> GIVEN INFORMATION:

● ● ● ● ● ● ●

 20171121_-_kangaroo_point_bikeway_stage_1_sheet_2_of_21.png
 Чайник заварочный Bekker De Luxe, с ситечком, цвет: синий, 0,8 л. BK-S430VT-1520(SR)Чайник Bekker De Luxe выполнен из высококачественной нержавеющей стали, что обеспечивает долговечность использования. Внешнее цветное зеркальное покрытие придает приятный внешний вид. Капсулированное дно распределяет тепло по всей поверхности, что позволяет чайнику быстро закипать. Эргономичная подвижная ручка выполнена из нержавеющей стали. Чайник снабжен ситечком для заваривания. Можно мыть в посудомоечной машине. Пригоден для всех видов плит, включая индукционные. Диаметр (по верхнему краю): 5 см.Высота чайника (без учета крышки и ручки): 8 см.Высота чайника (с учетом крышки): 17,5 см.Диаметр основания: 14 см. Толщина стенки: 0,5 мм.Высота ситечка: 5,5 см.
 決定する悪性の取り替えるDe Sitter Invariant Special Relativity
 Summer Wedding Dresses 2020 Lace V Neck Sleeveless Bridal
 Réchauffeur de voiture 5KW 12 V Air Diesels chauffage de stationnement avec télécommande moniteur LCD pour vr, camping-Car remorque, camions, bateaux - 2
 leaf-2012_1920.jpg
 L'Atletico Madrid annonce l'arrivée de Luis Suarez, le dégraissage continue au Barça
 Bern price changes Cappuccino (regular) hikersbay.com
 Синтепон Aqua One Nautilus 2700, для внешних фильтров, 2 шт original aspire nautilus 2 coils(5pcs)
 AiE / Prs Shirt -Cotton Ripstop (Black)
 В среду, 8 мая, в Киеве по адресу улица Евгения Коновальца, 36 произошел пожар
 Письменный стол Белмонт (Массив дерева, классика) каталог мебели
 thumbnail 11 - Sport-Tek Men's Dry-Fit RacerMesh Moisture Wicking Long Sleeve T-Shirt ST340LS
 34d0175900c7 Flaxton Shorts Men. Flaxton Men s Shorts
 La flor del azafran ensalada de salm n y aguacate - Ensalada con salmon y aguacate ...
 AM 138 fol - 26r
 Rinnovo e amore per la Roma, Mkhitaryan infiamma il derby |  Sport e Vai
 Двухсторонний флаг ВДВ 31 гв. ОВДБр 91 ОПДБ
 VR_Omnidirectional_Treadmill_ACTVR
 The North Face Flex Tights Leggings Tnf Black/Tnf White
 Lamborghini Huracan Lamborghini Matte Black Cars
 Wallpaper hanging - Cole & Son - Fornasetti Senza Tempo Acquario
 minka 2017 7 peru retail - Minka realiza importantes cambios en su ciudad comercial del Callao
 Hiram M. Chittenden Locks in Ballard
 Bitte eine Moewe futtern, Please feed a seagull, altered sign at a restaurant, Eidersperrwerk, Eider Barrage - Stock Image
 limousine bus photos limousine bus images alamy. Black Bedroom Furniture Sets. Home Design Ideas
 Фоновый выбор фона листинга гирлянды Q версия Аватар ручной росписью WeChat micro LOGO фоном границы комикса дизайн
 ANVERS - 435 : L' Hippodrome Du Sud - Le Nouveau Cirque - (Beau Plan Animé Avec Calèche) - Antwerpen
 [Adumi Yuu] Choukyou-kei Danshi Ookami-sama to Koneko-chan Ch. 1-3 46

● ● ● ● ● ● ●

Please transcribe only the lines in the records above running from the line that has "VR_Omnidirectional_Treadmill_ACTVR" through the line that has "Hiram M. Chittenden Locks in Ballard", both included, exactly as they appear.

 VR_Omnidirectional_Treadmill_ACTVR
 The North Face Flex Tights Leggings Tnf Black/Tnf White
 Lamborghini Huracan Lamborghini Matte Black Cars
 Wallpaper hanging - Cole & Son - Fornasetti Senza Tempo Acquario
 minka 2017 7 peru retail - Minka realiza importantes cambios en su ciudad comercial del Callao
 Hiram M. Chittenden Locks in Ballard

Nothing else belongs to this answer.